The stitching executor automatically batches subgraph requests so that only one request is made per location per generation of data. This is done using batched queries that combine all data access for a given a location. For example:
query MyOperation_2 {
_0_result: widgets(ids:["a","b","c"]) { ... } # << 3 Widget
_1_0_result: sprocket(id:"x") { ... } # << 1 Sprocket
_1_1_result: sprocket(id:"y") { ... } # << 1 Sprocket
_1_2_result: sprocket(id:"z") { ... } # << 1 Sprocket
}
Tips:
- List queries (like the
widgets
selection above) are more compact for accessing multiple records, and are therefore preferable as stitching accessors. - Assure that root field resolvers across your subgraph implement batching to anticipate cases like the three
sprocket
selections above.
Otherwise, there's no developer intervention necessary (or generally possible) to improve upon data access. Note that multiple generations of data may still force the executor to return to a previous location for more data.

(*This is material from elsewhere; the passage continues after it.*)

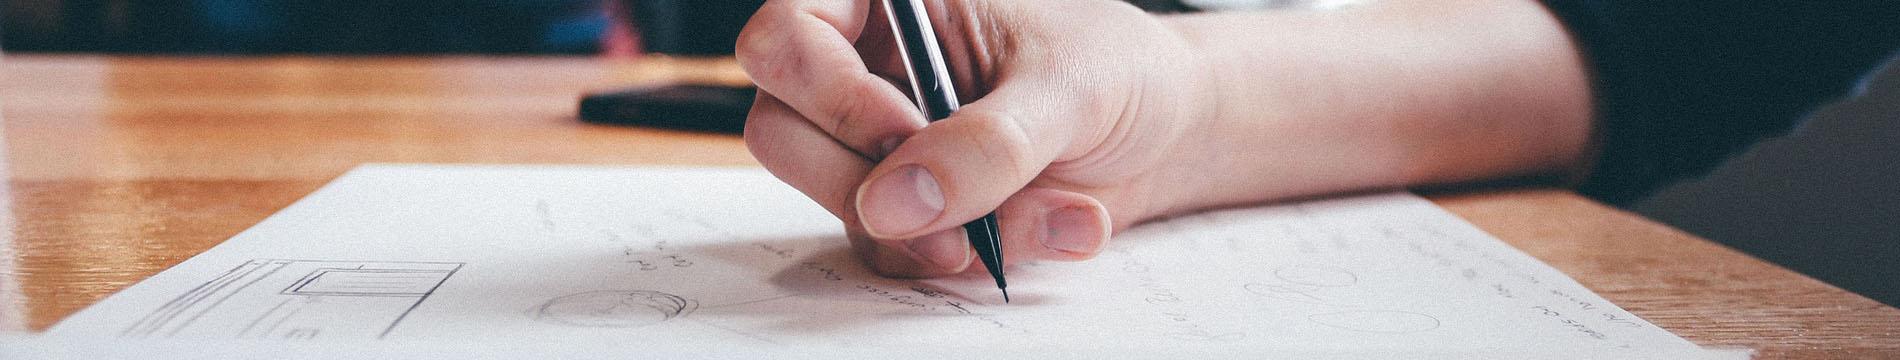 Pro affirmative action essays
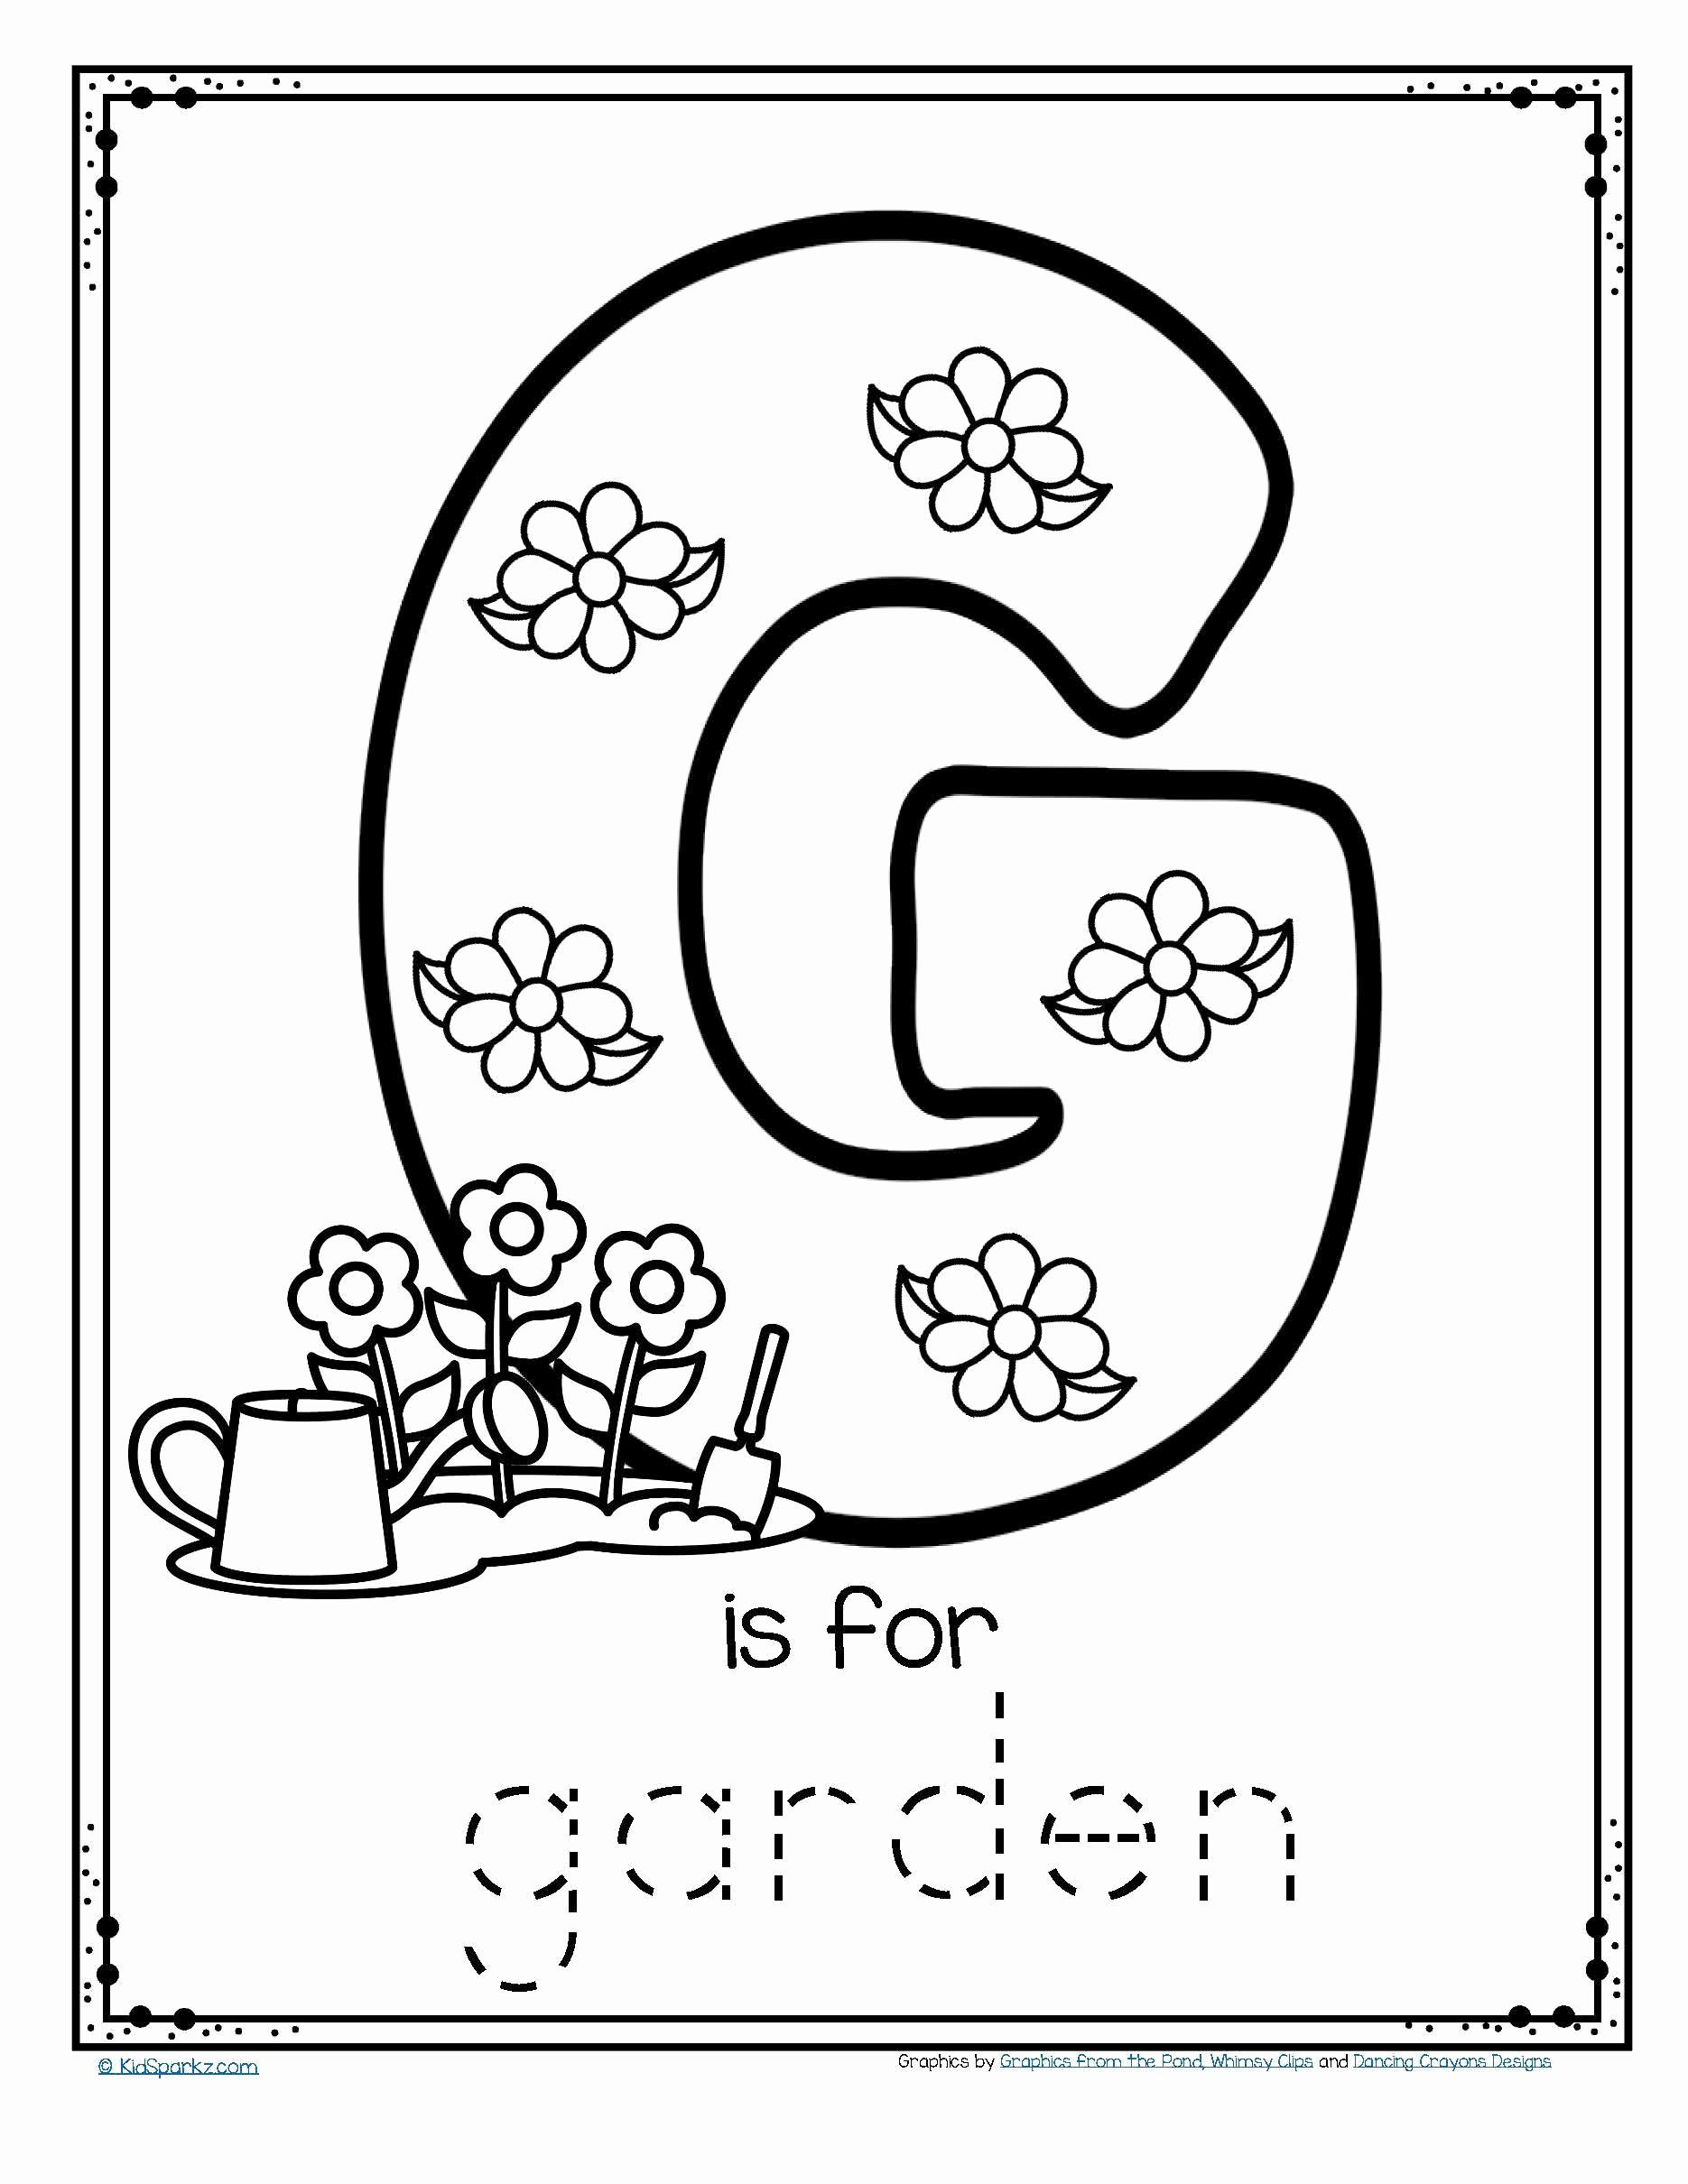 G Worksheets for Preschool Elegant Free G is for Garden Trace and Color Fine Motor Printable

The Executor component builds atop the Ruby fiber-based implementation of GraphQL::Dataloader
. Non-blocking concurrency requires setting a fiber scheduler via Fiber.set_scheduler
, see graphql-ruby docs. You may also need to build your own remote clients using corresponding HTTP libraries.
This repo includes a working example of several stitched schemas running across small Rack servers. Try running it:
bundle install
foreman start
Then visit the gateway service at http://localhost:3000
and try this query:
query {
storefront(id: "1") {
id
products {
upc
name
price
manufacturer {
name
address
products { upc name }
}
}
}
}
The above query collects data from all locations, two of which are remote schemas and the third a local schema. The combined graph schema is also stitched in to provide introspection capabilities.